If a line in the listing below contains "фото", return that line.

====

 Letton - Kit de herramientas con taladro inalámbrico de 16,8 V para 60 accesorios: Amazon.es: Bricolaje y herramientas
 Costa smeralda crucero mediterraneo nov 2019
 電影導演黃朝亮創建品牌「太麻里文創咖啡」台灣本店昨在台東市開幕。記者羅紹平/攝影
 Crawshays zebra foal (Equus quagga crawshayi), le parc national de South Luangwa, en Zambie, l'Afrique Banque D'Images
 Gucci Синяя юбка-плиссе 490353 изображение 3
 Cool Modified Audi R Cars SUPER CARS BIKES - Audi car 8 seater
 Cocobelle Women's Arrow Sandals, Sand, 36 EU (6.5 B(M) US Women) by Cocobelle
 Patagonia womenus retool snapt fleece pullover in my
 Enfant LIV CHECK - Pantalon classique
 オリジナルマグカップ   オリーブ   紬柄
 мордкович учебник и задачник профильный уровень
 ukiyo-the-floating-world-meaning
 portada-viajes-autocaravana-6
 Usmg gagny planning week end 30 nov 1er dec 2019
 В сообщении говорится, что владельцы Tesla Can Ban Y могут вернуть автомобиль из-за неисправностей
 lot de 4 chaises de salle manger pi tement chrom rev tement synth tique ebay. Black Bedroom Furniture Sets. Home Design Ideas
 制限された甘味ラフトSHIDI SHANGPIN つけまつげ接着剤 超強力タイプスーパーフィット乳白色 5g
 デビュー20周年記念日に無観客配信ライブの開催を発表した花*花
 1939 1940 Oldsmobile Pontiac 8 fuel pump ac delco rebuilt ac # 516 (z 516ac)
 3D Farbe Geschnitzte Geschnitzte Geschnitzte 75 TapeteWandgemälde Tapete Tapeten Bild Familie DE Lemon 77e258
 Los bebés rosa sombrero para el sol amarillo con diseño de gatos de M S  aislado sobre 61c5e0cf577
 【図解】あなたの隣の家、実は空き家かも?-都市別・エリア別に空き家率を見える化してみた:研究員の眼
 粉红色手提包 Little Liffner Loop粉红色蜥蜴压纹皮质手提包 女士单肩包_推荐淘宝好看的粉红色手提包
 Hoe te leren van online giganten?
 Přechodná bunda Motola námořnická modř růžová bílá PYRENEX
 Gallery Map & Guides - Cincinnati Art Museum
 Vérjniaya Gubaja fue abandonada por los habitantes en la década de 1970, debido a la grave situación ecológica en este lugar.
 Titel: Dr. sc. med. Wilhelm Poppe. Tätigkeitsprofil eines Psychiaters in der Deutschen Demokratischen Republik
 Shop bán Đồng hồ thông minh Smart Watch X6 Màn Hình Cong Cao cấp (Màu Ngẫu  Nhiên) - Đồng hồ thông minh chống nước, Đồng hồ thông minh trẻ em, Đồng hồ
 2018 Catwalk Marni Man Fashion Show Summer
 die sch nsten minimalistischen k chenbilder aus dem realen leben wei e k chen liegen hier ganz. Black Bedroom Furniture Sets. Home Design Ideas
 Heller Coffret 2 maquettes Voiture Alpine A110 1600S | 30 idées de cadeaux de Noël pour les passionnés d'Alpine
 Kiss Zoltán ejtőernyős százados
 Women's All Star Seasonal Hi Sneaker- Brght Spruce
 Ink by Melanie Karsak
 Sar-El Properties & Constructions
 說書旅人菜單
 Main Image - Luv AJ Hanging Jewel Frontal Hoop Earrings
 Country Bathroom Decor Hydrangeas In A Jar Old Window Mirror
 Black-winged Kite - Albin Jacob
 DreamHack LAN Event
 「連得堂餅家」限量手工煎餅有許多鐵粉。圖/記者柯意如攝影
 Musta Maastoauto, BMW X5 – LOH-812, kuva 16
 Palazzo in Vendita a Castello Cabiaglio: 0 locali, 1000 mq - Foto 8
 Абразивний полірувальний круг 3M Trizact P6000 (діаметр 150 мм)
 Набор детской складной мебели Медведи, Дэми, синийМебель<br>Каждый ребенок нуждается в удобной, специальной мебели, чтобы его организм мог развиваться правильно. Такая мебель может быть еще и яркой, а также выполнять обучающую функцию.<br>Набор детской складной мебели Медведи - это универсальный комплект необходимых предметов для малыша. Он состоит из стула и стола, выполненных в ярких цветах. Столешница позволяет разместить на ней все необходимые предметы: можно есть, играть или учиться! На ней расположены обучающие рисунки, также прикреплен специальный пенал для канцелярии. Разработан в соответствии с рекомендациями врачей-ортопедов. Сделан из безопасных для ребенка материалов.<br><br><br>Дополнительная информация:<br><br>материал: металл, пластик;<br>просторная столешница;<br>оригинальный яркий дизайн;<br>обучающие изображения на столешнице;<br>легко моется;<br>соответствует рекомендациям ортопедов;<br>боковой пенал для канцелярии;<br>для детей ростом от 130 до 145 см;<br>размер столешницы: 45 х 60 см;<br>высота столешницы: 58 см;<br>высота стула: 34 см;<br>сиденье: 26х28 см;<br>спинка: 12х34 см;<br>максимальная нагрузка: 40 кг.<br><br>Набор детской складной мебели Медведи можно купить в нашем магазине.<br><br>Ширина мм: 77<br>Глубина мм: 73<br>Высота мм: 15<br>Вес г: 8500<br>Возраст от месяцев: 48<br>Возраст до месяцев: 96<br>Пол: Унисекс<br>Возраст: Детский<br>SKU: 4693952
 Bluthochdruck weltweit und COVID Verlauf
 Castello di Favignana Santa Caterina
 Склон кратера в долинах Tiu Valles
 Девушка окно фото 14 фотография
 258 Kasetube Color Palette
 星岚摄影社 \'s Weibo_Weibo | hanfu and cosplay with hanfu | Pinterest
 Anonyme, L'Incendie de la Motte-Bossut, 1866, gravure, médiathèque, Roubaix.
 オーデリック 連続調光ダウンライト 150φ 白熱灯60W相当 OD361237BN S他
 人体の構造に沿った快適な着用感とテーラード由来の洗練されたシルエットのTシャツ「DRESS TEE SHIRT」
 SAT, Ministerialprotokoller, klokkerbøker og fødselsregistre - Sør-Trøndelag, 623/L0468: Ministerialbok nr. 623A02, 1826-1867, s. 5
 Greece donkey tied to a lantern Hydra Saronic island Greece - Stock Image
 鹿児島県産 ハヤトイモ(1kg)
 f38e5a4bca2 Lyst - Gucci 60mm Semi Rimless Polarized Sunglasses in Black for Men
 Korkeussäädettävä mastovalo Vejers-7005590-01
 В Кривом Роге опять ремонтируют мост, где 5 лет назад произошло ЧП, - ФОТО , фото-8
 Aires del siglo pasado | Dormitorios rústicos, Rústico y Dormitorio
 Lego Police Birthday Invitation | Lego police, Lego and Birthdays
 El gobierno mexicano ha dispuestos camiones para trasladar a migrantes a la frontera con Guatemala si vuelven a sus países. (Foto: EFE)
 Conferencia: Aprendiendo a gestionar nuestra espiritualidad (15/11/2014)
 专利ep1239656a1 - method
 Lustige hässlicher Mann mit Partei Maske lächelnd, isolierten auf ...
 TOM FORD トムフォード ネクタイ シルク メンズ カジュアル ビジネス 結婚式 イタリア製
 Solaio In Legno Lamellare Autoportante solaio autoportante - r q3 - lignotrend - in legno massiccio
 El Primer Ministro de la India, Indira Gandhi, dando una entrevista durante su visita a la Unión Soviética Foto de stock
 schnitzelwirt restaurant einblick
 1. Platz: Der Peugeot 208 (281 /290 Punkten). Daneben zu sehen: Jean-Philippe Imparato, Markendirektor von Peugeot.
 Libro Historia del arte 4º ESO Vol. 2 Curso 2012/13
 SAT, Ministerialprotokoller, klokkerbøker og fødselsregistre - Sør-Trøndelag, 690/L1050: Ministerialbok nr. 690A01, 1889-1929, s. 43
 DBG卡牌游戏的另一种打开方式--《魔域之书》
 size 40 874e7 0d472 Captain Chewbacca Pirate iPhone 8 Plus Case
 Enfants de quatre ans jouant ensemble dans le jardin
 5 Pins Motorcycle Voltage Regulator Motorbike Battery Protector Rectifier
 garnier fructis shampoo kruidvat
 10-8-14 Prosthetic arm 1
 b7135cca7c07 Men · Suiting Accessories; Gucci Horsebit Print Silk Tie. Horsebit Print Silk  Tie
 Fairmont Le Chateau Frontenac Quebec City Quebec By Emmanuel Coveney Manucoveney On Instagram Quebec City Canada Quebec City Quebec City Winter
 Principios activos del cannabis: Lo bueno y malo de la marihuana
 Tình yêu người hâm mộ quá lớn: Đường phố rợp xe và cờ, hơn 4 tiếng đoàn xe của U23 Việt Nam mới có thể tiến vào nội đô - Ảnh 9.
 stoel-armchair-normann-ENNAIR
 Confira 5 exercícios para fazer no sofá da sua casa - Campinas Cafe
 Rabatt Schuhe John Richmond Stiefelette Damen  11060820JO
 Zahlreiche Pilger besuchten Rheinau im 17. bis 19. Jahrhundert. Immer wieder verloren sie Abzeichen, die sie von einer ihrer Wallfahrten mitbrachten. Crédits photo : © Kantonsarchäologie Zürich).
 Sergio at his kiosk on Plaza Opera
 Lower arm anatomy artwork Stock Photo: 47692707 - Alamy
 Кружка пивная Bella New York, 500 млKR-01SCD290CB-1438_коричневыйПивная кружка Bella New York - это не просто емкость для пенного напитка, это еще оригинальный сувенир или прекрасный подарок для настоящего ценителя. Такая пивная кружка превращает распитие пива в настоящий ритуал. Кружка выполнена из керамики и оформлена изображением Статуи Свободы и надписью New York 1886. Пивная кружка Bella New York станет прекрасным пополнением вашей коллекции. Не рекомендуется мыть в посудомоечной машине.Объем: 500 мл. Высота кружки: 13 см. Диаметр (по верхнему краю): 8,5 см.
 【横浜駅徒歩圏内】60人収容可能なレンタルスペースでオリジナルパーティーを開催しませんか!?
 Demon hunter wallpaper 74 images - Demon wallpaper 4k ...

====

◆ Response to the exercise ◆
 Девушка окно фото 14 фотография
 В Кривом Роге опять ремонтируют мост, где 5 лет назад произошло ЧП, - ФОТО , фото-8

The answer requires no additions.